La patience est une vertu qu’il faut apprendre à travailler. Contrairement au rythme que nous impose la société concernant la gratification instantanée, la patience est comme un muscle qui se travaille, et qui nous pousse à achever la poursuite de nos objectifs pour réellement savourer le fruit de notre labeur. Des chercheurs de l’Institut des sciences et technologies de l’université d’Okinawa (Japon) ont réussi à démontrer comment certaines zones du cerveau favorisent la patience en utilisant la sérotonine. Les résultats de leur étude ont été publiés le 27 novembre 2020 dans la revue Science Advances.
Rallonger l’attente grâce à la sérotonine
“La sérotonine est l'un des plus célèbres neuromodulateurs du comportement, aidant à réguler l'humeur, les cycles veille-sommeil et l’appétit, indique Katsuhiko Miyazaki, chercheur à l’Institut des sciences et technologies de l’université d’Okinawa. Nos recherches montrent que la libération de ce messager chimique joue également un rôle crucial dans la promotion de la patience, en augmentant le temps pendant lequel les souris sont prêtes à attendre une récompense alimentaire.”
Les chercheurs ont élevé des souris génétiquement modifiées dont la particularité résidait dans la libération de sérotonine lorsque leurs neurones étaient exposés à la lumière. Ainsi, les neurones ont pu être stimulé par les chercheurs afin qu'ils libèrent de la sérotonine à des moments précis, lorsque le cerveau était éclairé à l'aide d'une fibre optique implantée dans le cortex.
Grâce à cela, ils se sont aperçus que la stimulation des neurones pendant que les souris patientaient pour manger augmentait leur temps d’attente. Cet effet sur la patience était surtout observé lorsque la probabilité que les souris reçoivent une récompense était élevée mais que le moment de cette récompense était incertain. “En d'autres termes, pour que la sérotonine favorise la patience, les souris devaient être confiantes qu'une récompense arriverait, mais incertaines quant au moment où elle arriverait”, souligne Katsuhiko Miyazaki.
Pour cette étude, les chercheurs se sont inspirés de travaux antérieurs qui ont montré que la sérotonine se concentre dans une zone du cerveau appelée noyau du raphé dorsal.
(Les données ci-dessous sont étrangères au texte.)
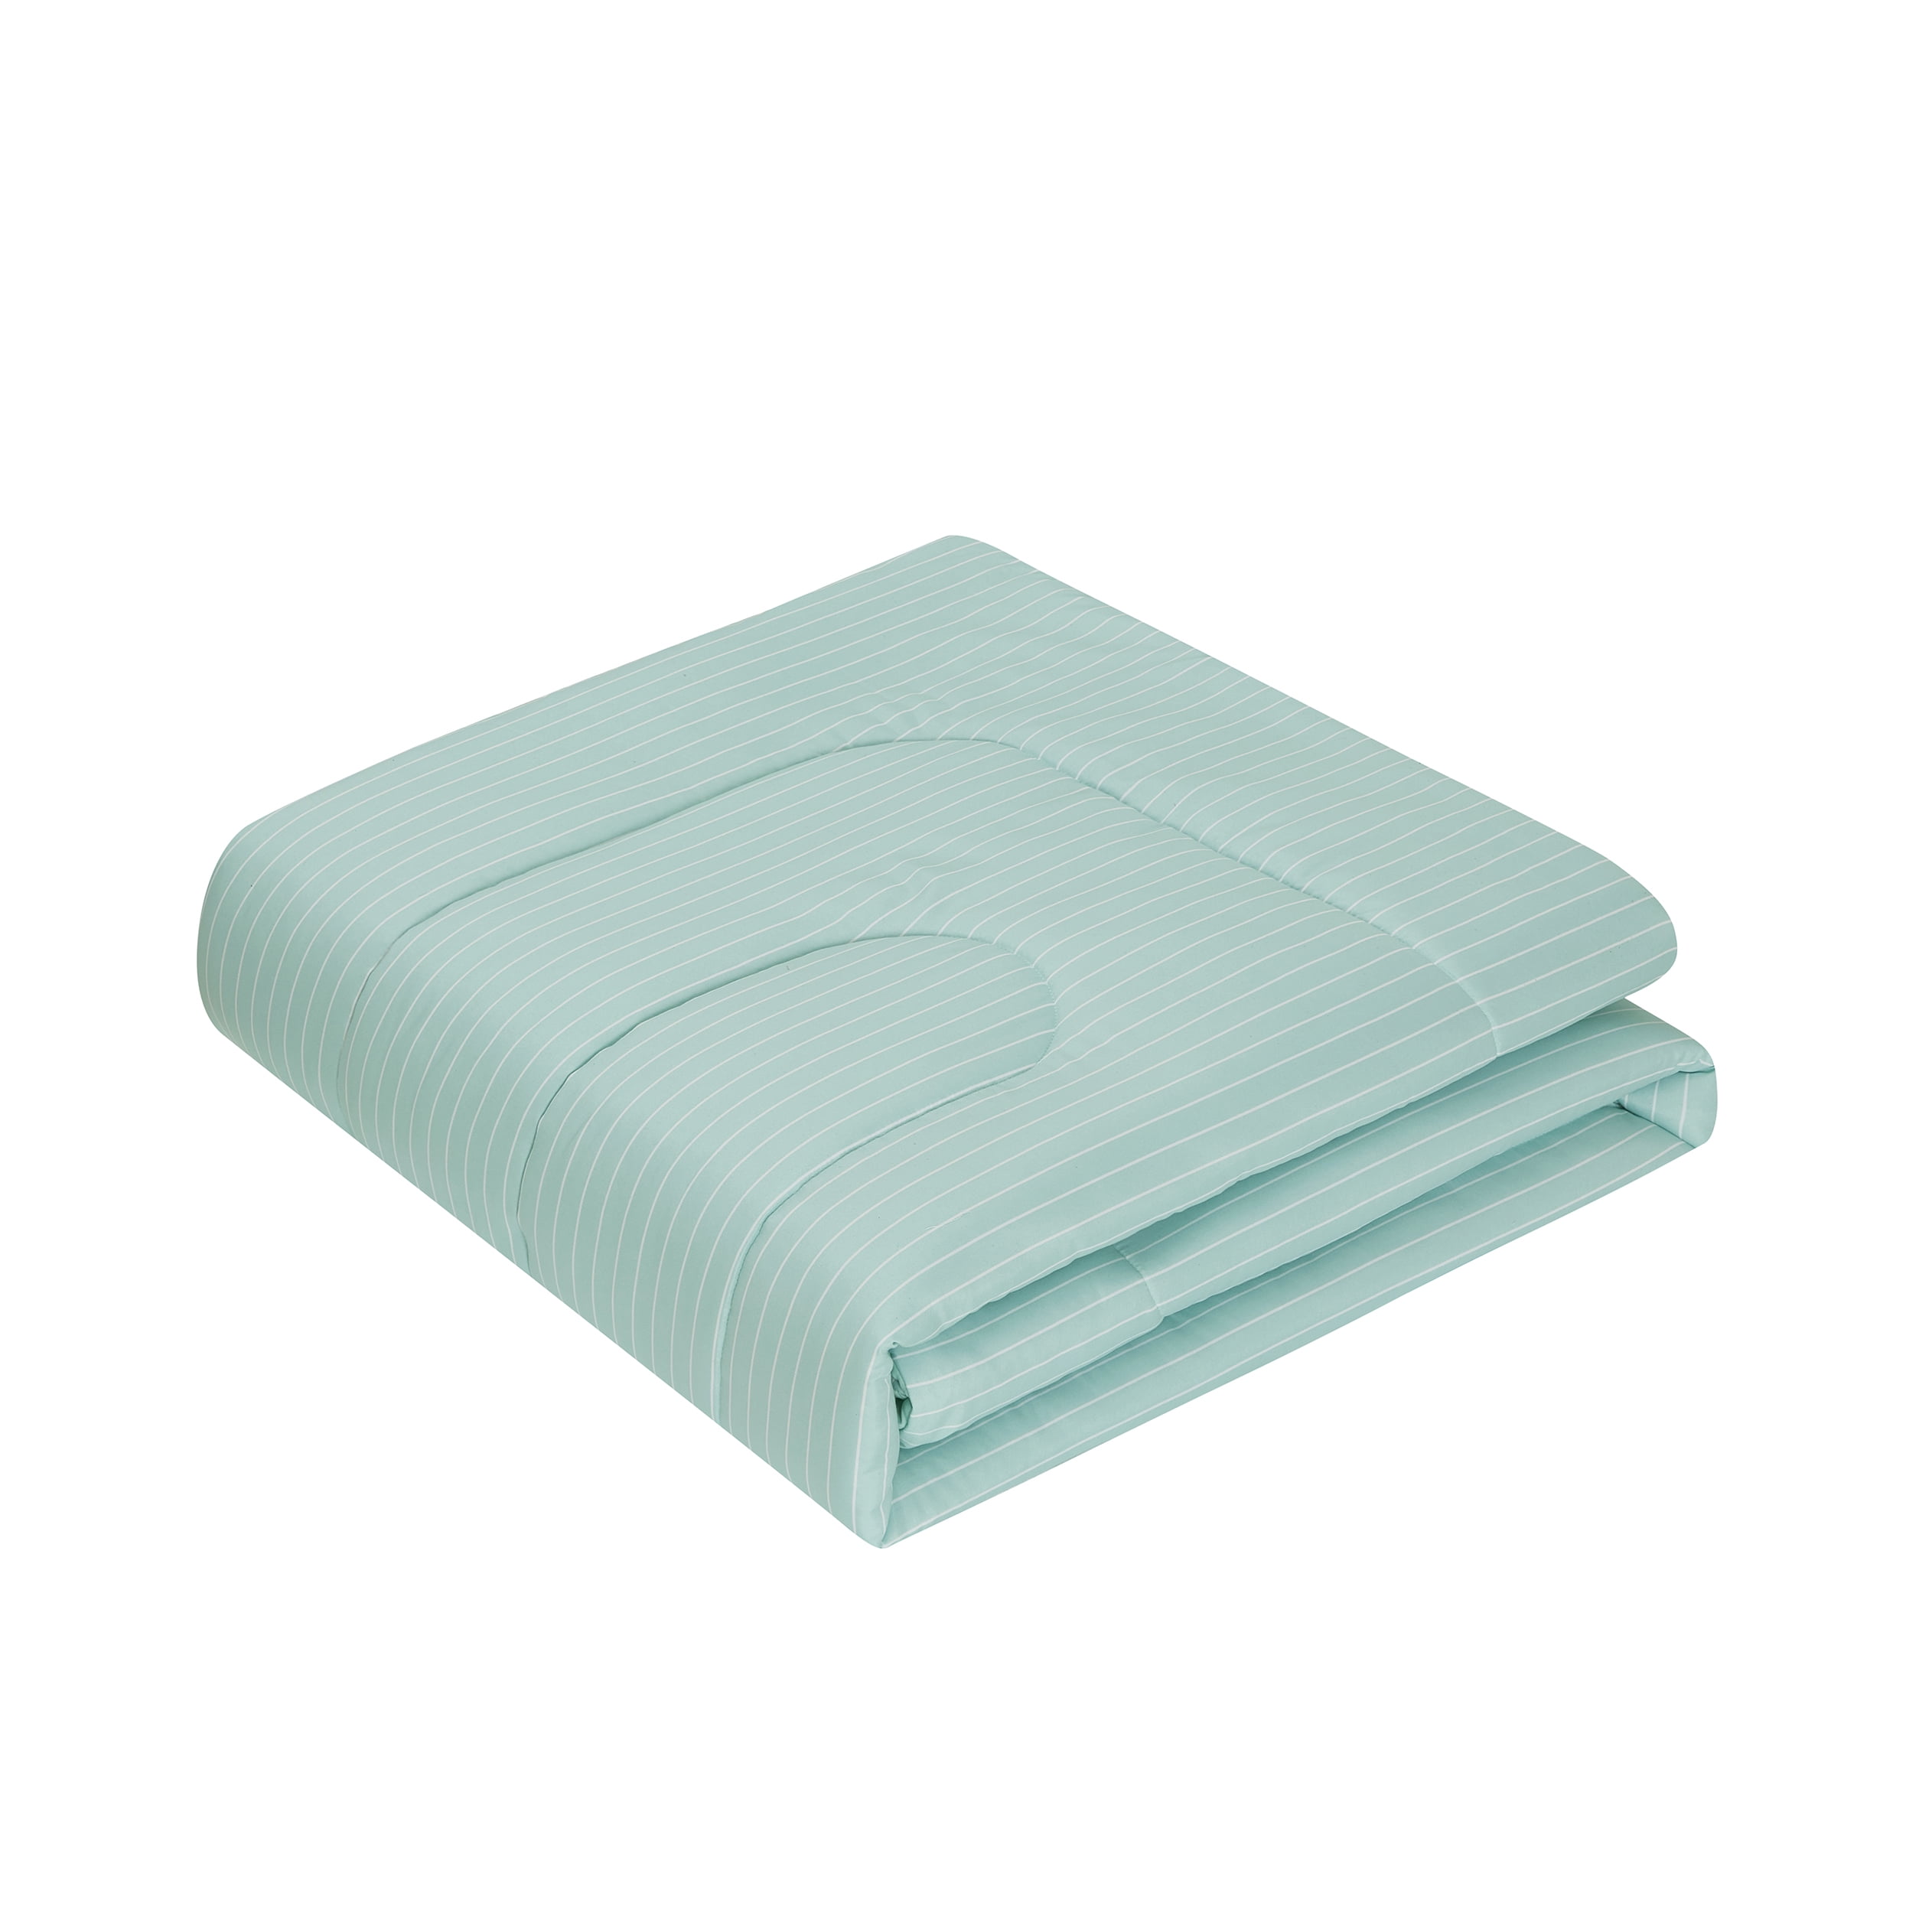 Mainstays Princeton Teal Stripe 7 Piece Comforter Bedding Set Size: Full/Queen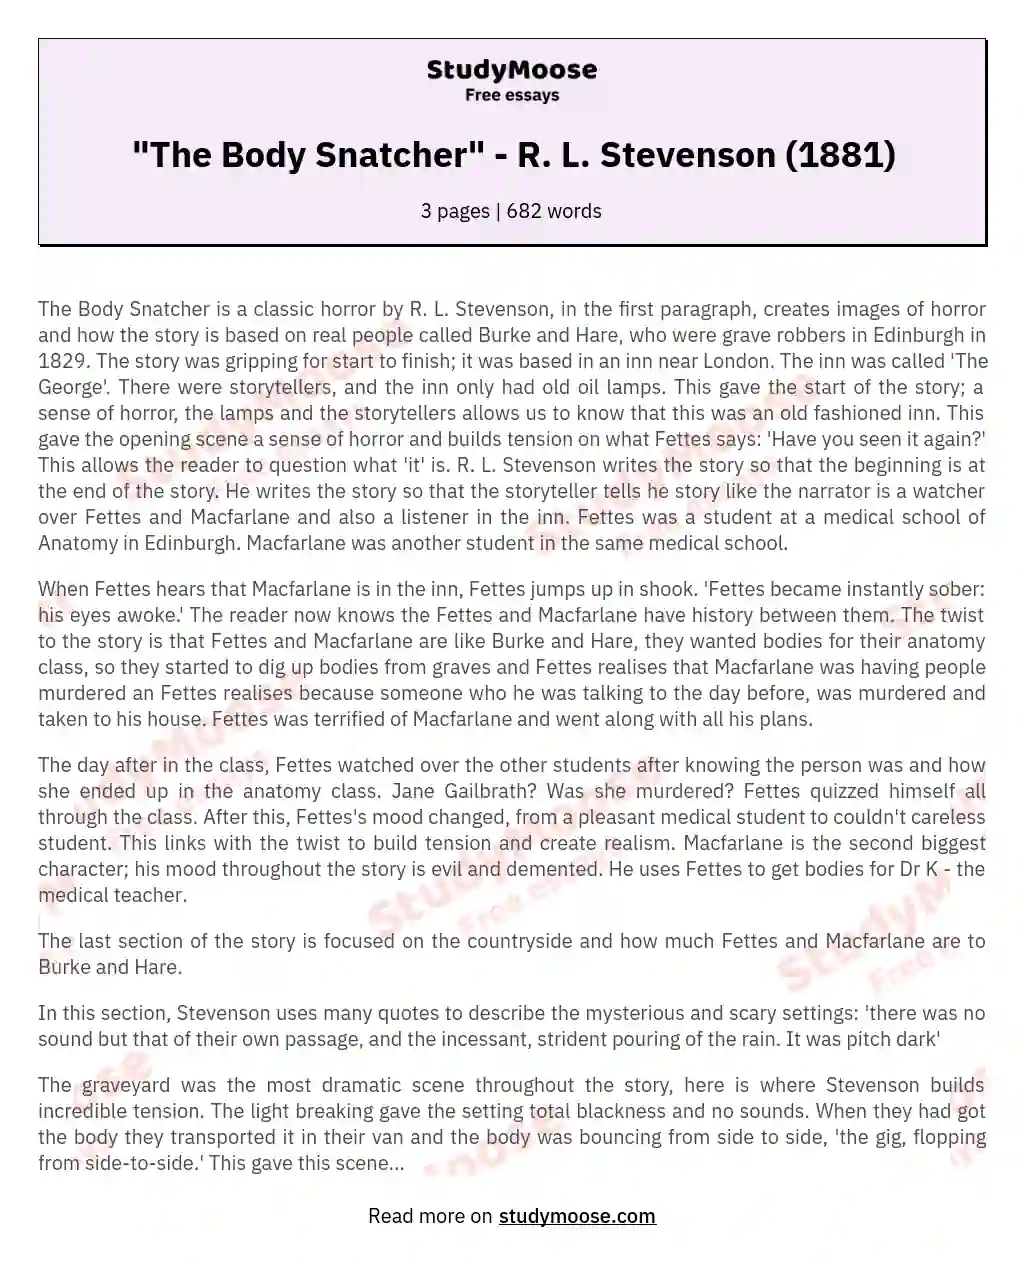 "The Body Snatcher" - R. L. Stevenson (1881) essay

La sérotonine libérer irrigue d’autres zones, comme le noyau accumbens ainsi que deux parties du lobe frontal, appelées cortex orbitofrontal et cortex préfrontal médian.
Deux systèmes de patience pour une même récompense
Lorsque les chercheurs ont stimulé le cortex orbitofrontal et le cortex préfrontal médian des souris génétiquement modifiées avec de la sérotonine, les rongeurs ont pu attendre plus longtemps leur récompense. Dans le cortex orbitofrontal, la libération de sérotonine a favorisé la patience aussi efficacement que l'activation de la sérotonine dans le noyau du raphé dorsal. Dans le cortex préfrontal médian, les scientifiques n'ont constaté une augmentation de la patience que lorsque le moment de la récompense était variable, sans effet observé lorsque le moment était fixe.
“Les différences observées dans la manière dont chaque zone du cerveau a réagi à la sérotonine suggèrent que chaque zone du cerveau contribue de manière distincte au comportement d'attente global des souris, assure Katsuhiko Miyazaki. Cela a confirmé l'idée que ces deux zones cérébrales calculent la probabilité d'une récompense indépendamment l'une de l'autre, et que ces calculs indépendants sont ensuite combinés pour déterminer en fin de compte combien de temps les souris vont attendre.”